*** GIVEN DATA
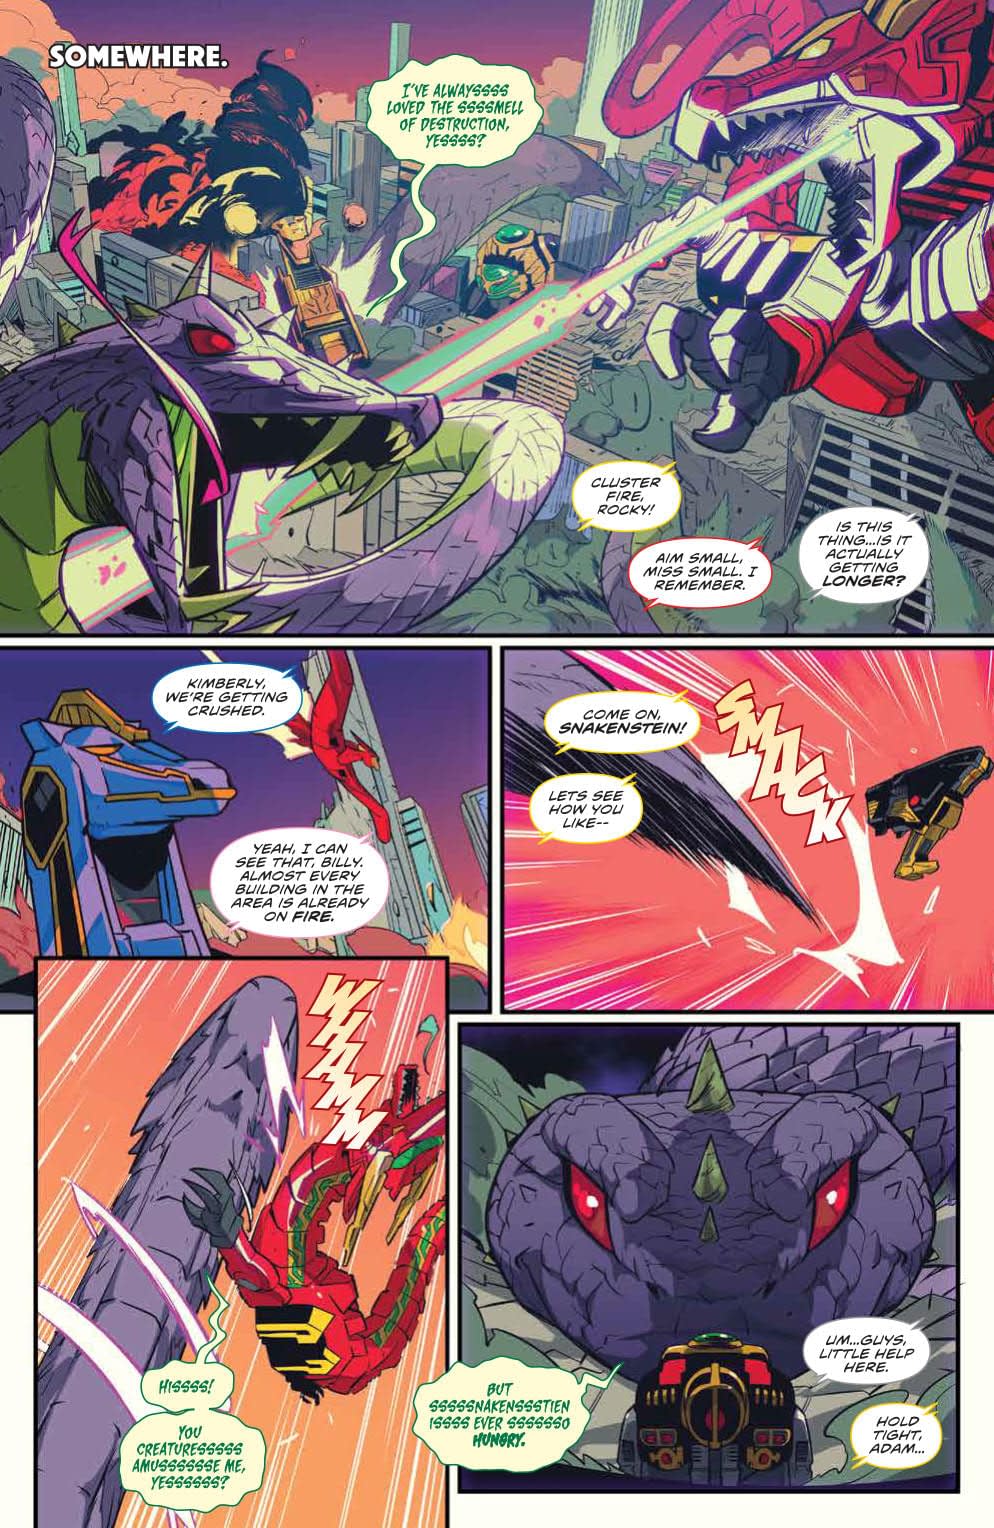 Power Rangers #46 [Preview]
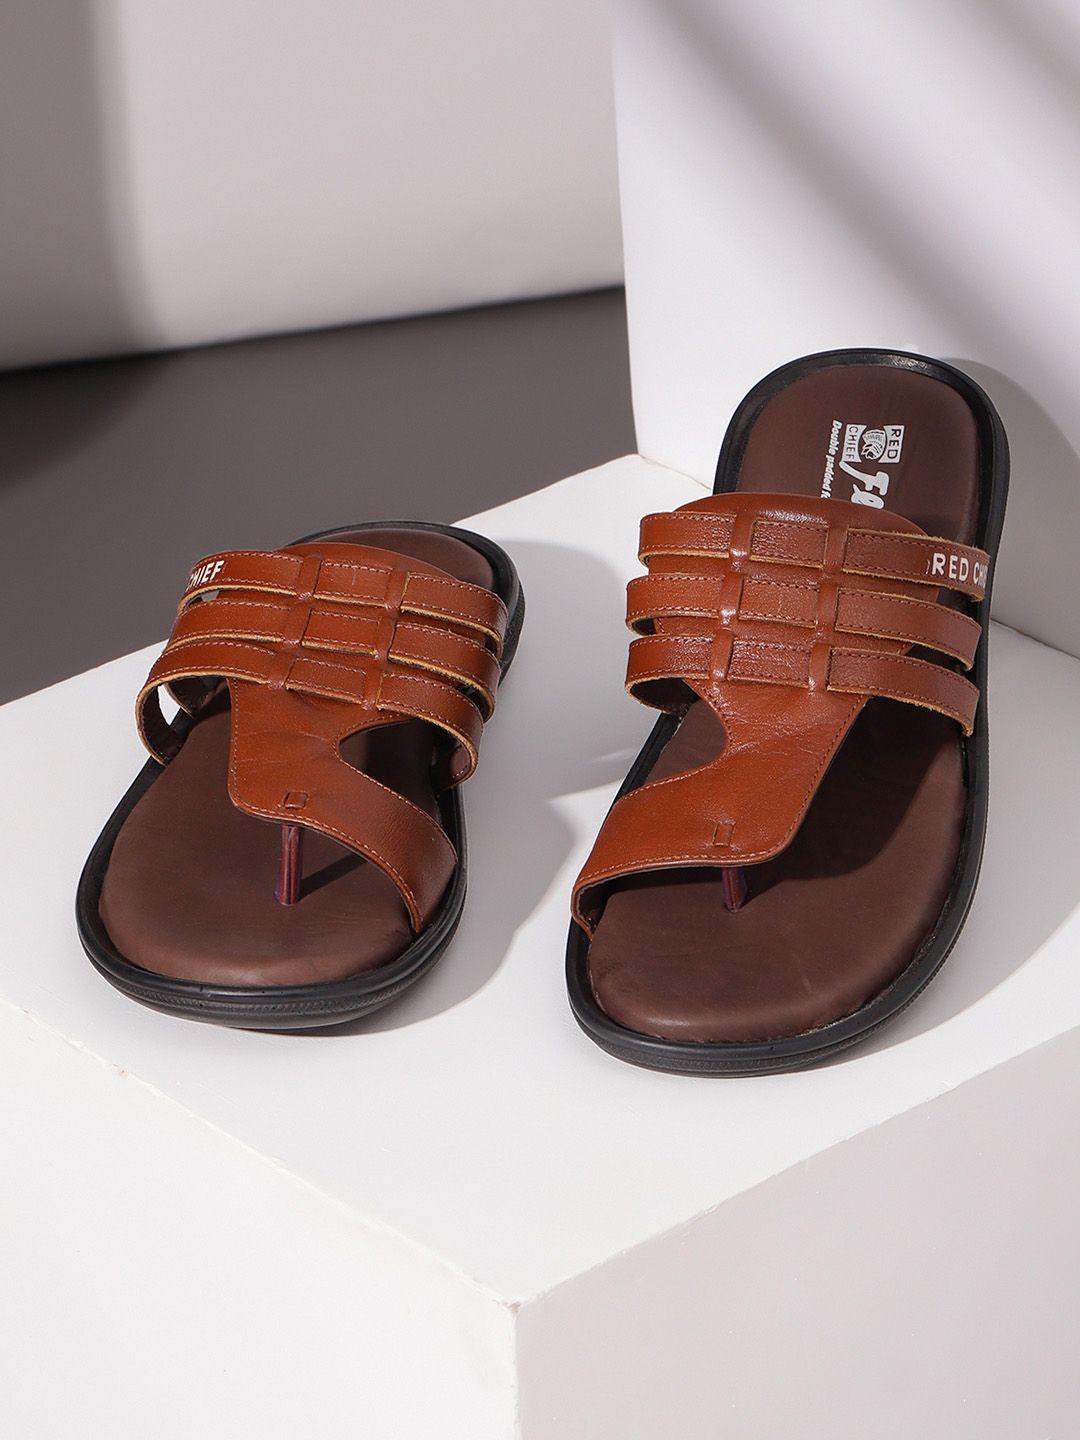 Red Chief Men Tan & Black Leather Comfort Sandals
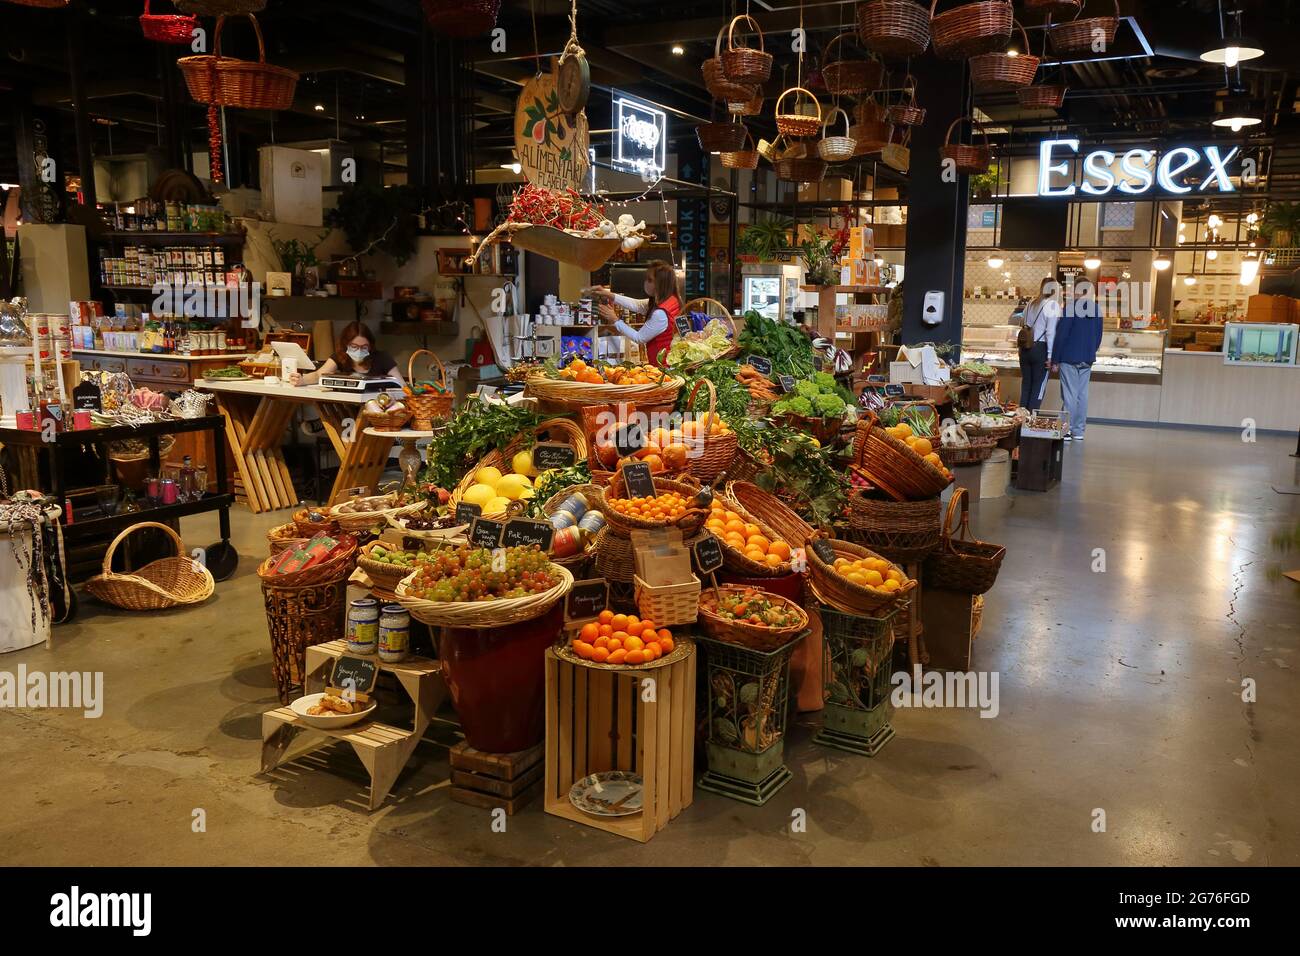 Alimentari Flâneur at The Market Line in Essex Market, 115 Delancey St, New York, NY. a specialty fruit and produce vendor. Stock Photo
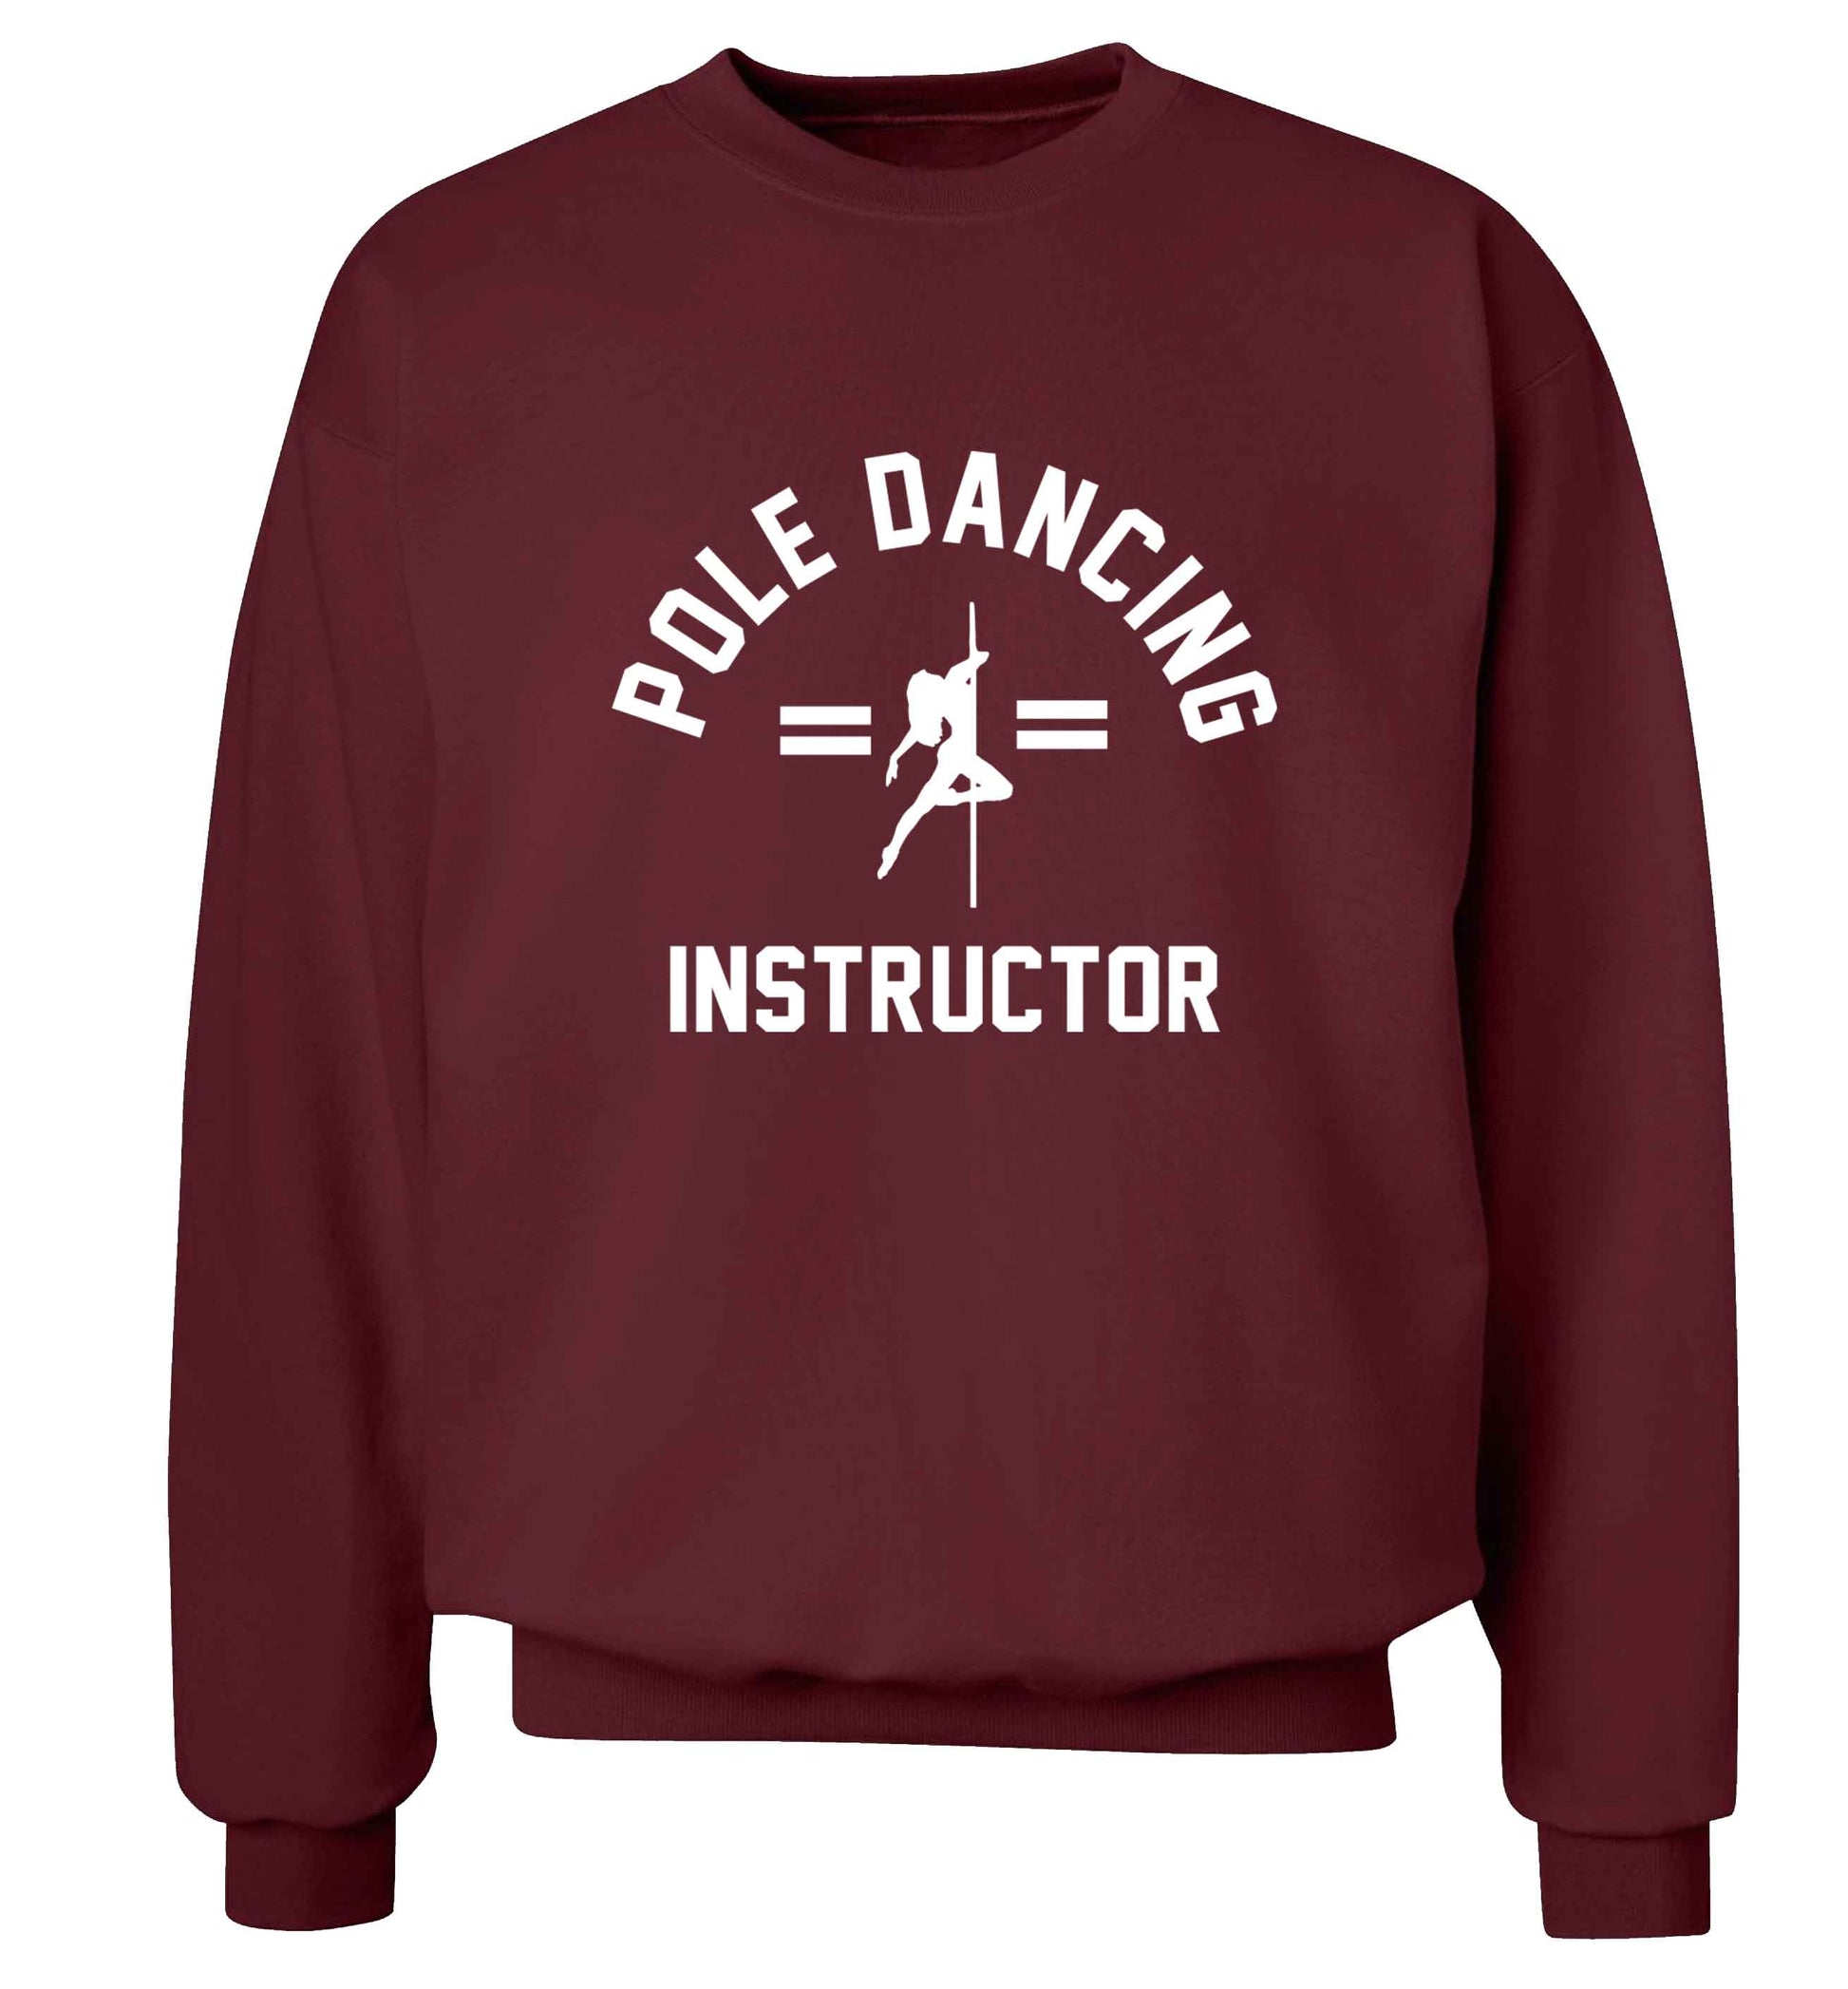 Pole dancing instructor adult's unisex maroon sweater 2XL
******
Everything from the line with "Alimentari Flâneur at" through the last line of the listing above is to be copied exactly, both ends included, except the pictures.

RESPONSE TO THIS EXERCISE:
 Alimentari Flâneur at The Market Line in Essex Market, 115 Delancey St, New York, NY. a specialty fruit and produce vendor. Stock Photo
 Pole dancing instructor adult's unisex maroon sweater 2XL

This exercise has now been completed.